Um entendimento oposto aos outros 14 membros do plenário do Conselho Superior da Magistratura:

"Entendeu o CSM que os atos imputados se enquadram no âmbito do exercício do poder e da função jurisdicional, não sendo passíveis de escrutínio disciplinar pelo CSM. Concluiu que limitando-se a conduta imputada à prolação de despachos judiciais a violação de deveres funcionais apenas poderia ocorrer caso tais despachos tivessem sido produzidos com abuso de poder ou com falta de zelo, o que não sucede por se verificar que os despachos em causa estão fundamentados e assentes em interpretações doutrinais e jurisprudências aceites e segundo a consciência jurídica do juiz."

Mesmo resolvida a questão disciplinar, os processos crime resistiram ainda mais três meses e em dezembro os dois volumes - um de cada processo - fizeram uma viagem de poucas dezenas de metros, da Praça do Município para a Praça do Comércio. Com a tomada de posse de Ivo Rosa como juiz da Relação de Lisboa, os inquéritos tiveram que ser transferidos para o Ministério Público junto do Supremo Tribunal de Justiça, com competência para investigar juízes desembagadores.
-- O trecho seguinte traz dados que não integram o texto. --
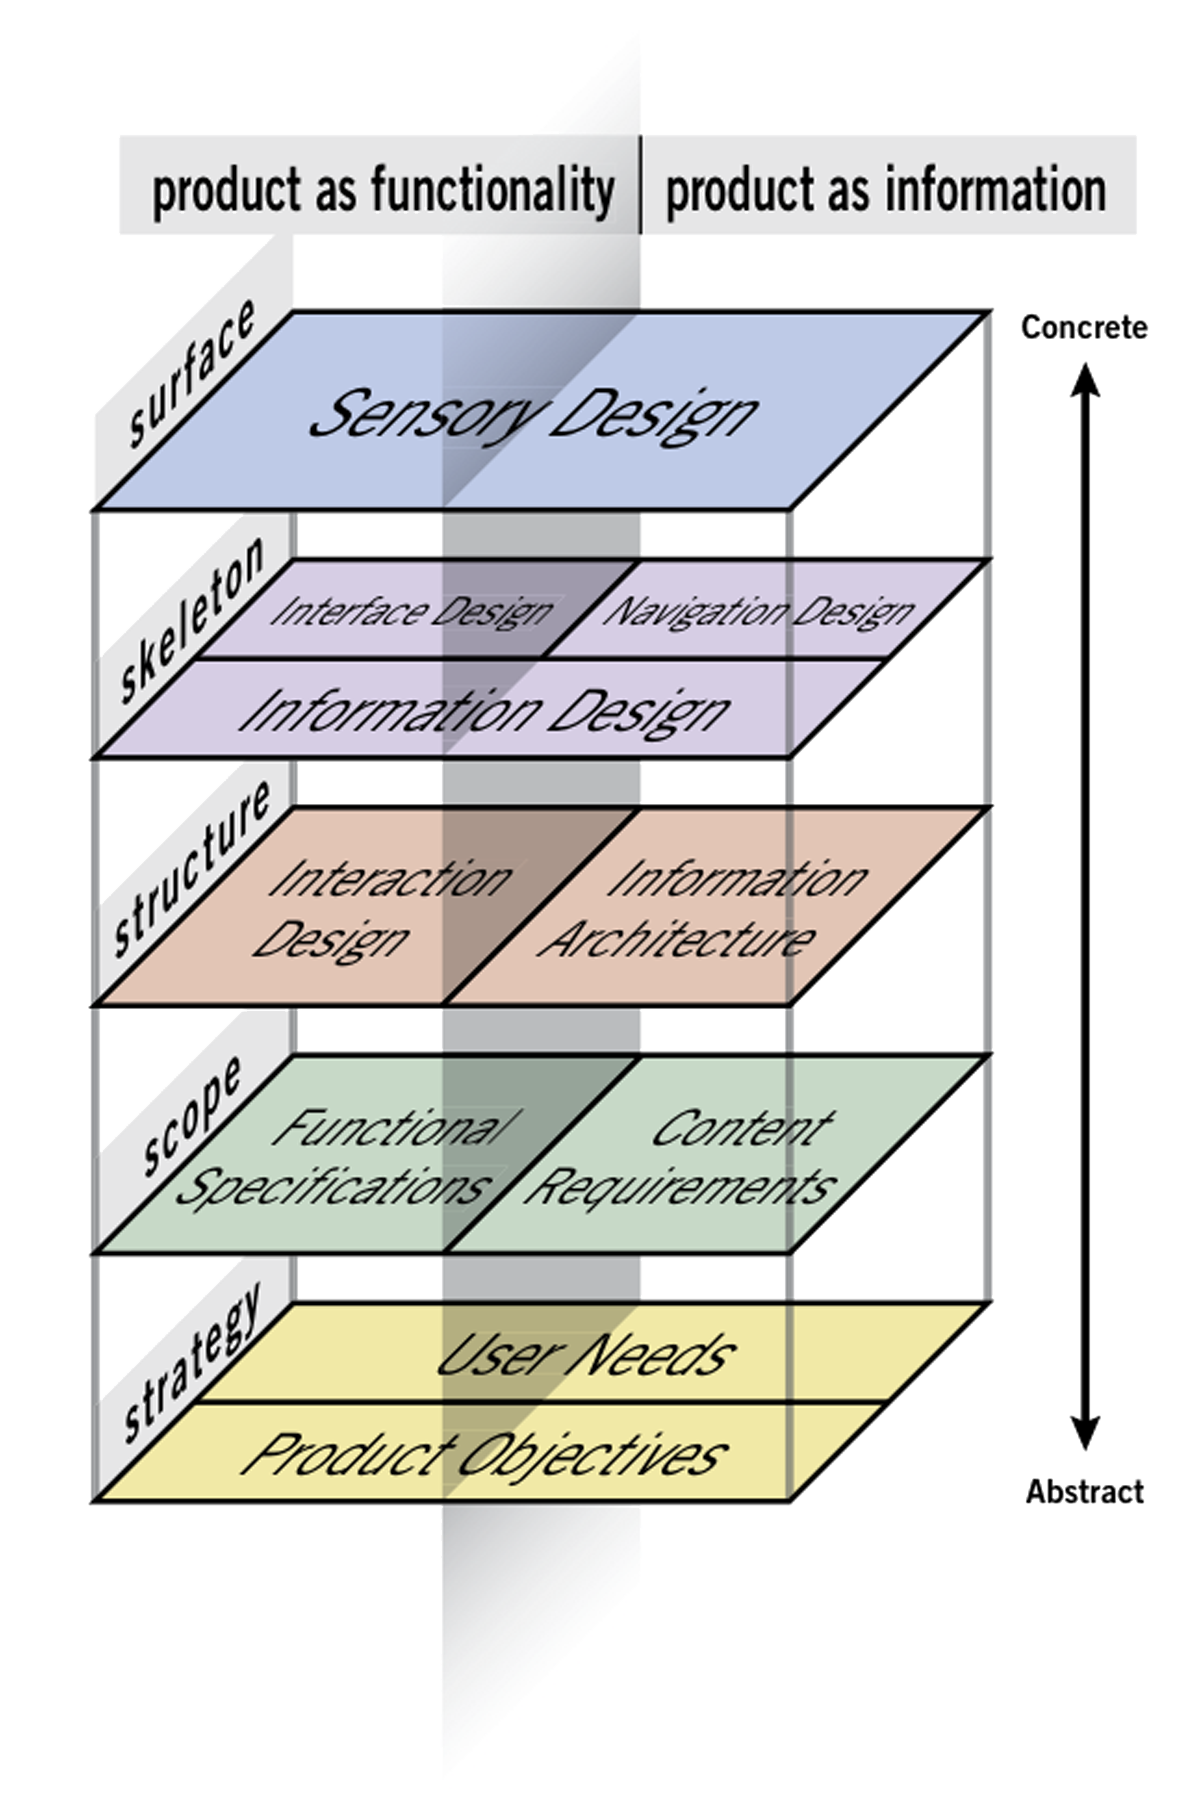 Diagram showing the various layers that make up a user's digital experience.

No Supremo, ambos os processos foram distribuídos ao Procurador-Geral Adjunto José Ribeiro de Albuquerque que, em pouco mais de quinze dias, deitou por terra todas as suspeitas e decretou a morte das duas investigações.
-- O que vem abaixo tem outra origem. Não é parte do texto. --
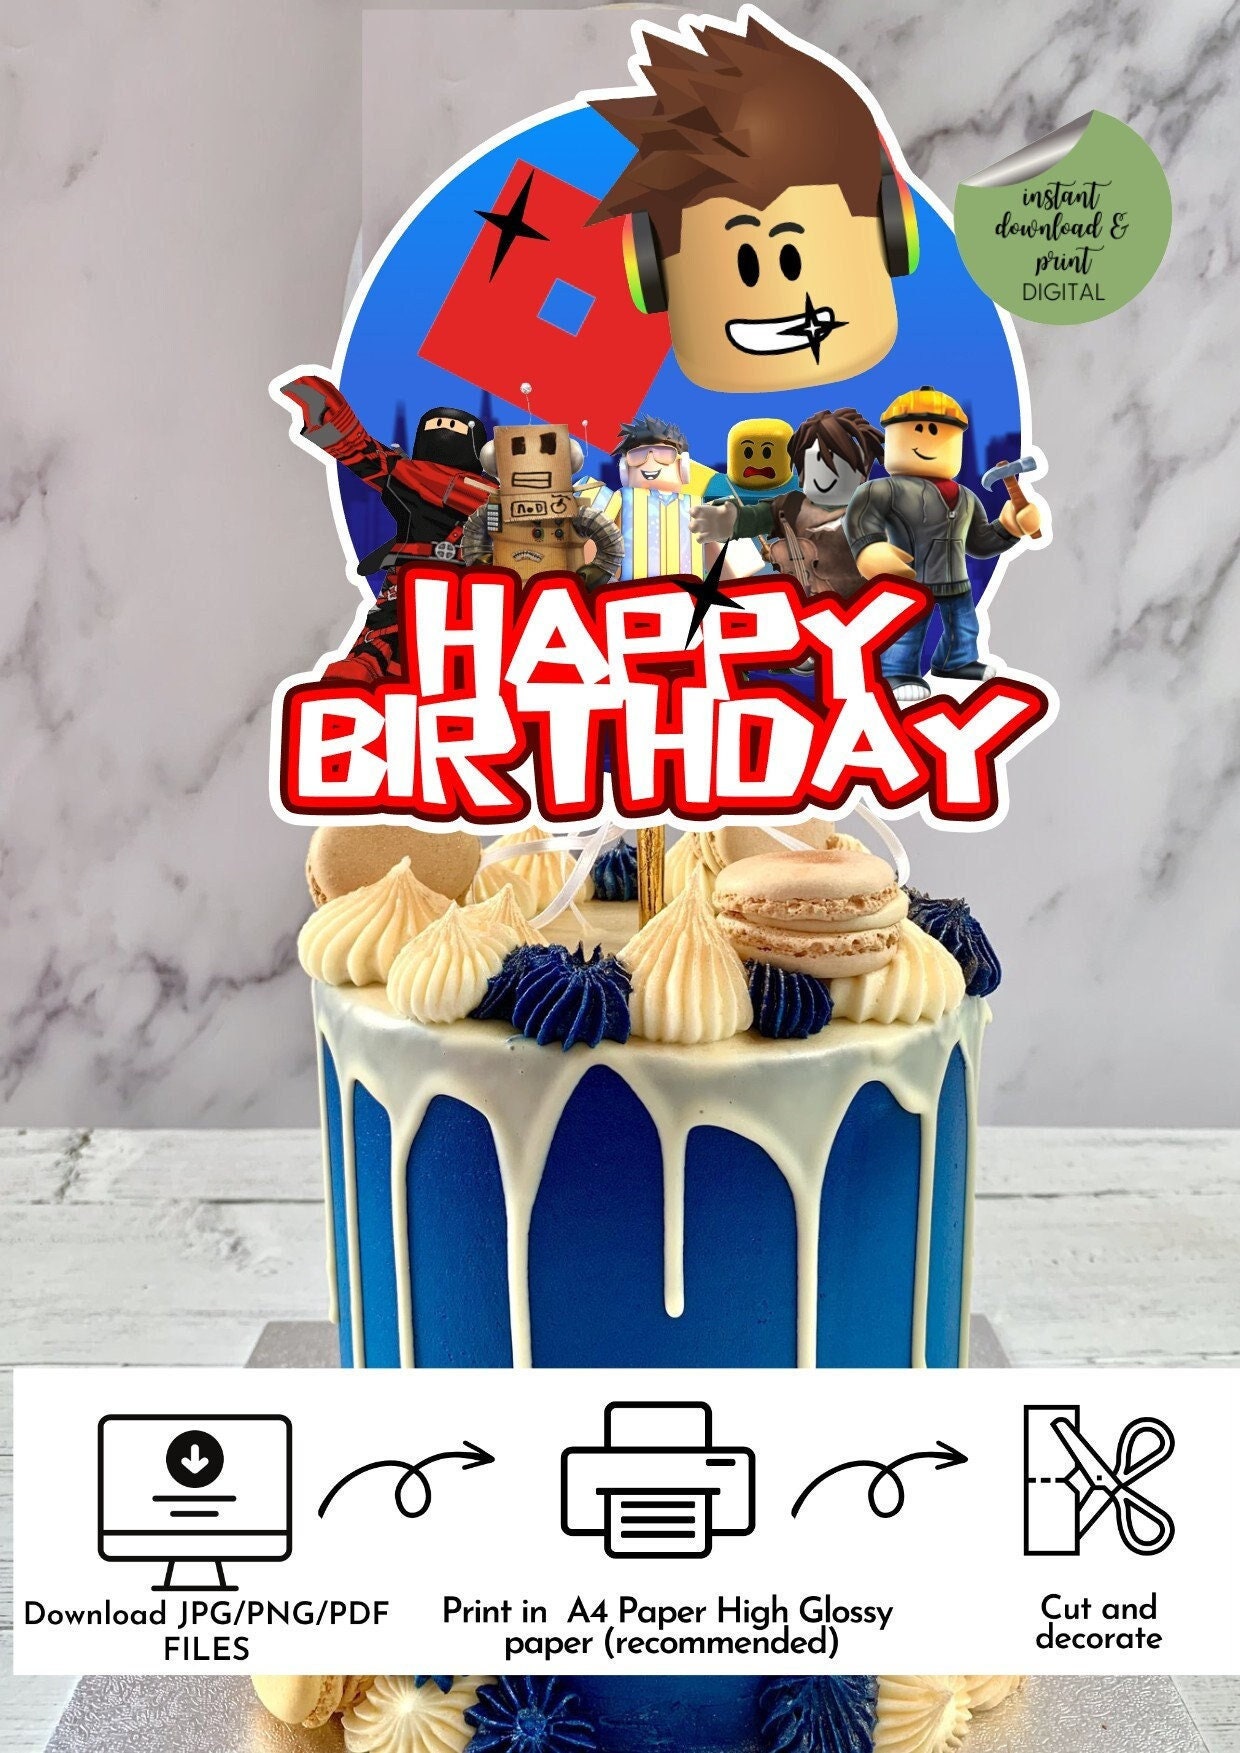 Roblox 3D Doors Character Cake Topper Personalised Name and

A 8 de janeiro, assinou o primeiro despacho de arquivamento, justificando em 17 páginas que os factos que estavam em causa já tinham sido escrutinados num processo disciplinar:

"Não sendo ilícitos disciplinares os factos imputados ao juiz visado, não havendo violação de deveres funcionais, mas antes o seu cumprimento, então os mesmos factos não podem ser ilícitos à luz da lei penal", José Ribeiro de Albuquerque - Procurador-Geral Adjunto STJ - 8 jan 2024.

No dia seguinte, no despacho que encerrou o processo 20/22, Ribeiro de Albuquerque deixou escrito que não descortinou factos juridicamente relevantes para imputar qualquer responsabilidade criminal a Ivo Rosa por violação do segredo de justiça. Quanto ao eventual crime de denegação de justiça, o procurador apoiou-se novamente no resultado do processo disciplinar, mesmo que este não tenha analisado nenhum dos factos que deram origem a este processo-crime. Eram suspeitas semelhantes, concluiu o Procurador.

"É uma apreciação com evidentes consequências para o casos em apreço, pois não sendo ilícitos disciplinares os factos similares imputados ao juiz visado, não havendo violação de deveres funcionais, mas antes o seu cumprimento, então os mesmo factos não podem ser ilícitos à luz da lei penal", José Ribeiro de Albuquerque - Procurador-Geral Adjunto STJ - 9 jan 2024

Sem encontrar crimes, o representante do Ministério Público do Supremo mandou arquivar os autos, não vendo necessidade de ouvir testemunhas, nem sequer o alvo das investigações, que nunca chegou a ser constituído arguido.

À SIC, Ivo Rosa acusa o Ministério Público de intromissão na sua atividade como juiz:

“Um juiz só é independente se lhe garantirem que não responde, cível, criminal ou disciplinarmente pela decisão que proferiu ou que não será prejudicado na sua carreira porque a decisão por si proferida não agradou aos seus destinatários. Não estando em causa, como é evidente, qualquer comportamento não jurisdicional e não existindo qualquer notícia de crime, não restam dúvidas que a decisão de abrir um inquérito-crime contra um juiz apenas por este, no exercício da sua jurisdição e nas vestes de juiz, não ter acolhido a posição do Ministério Público, implica uma intromissão e uma ameaça à independência e à irresponsabilidade dos juízes”, Ivo Rosa - juiz desembargador.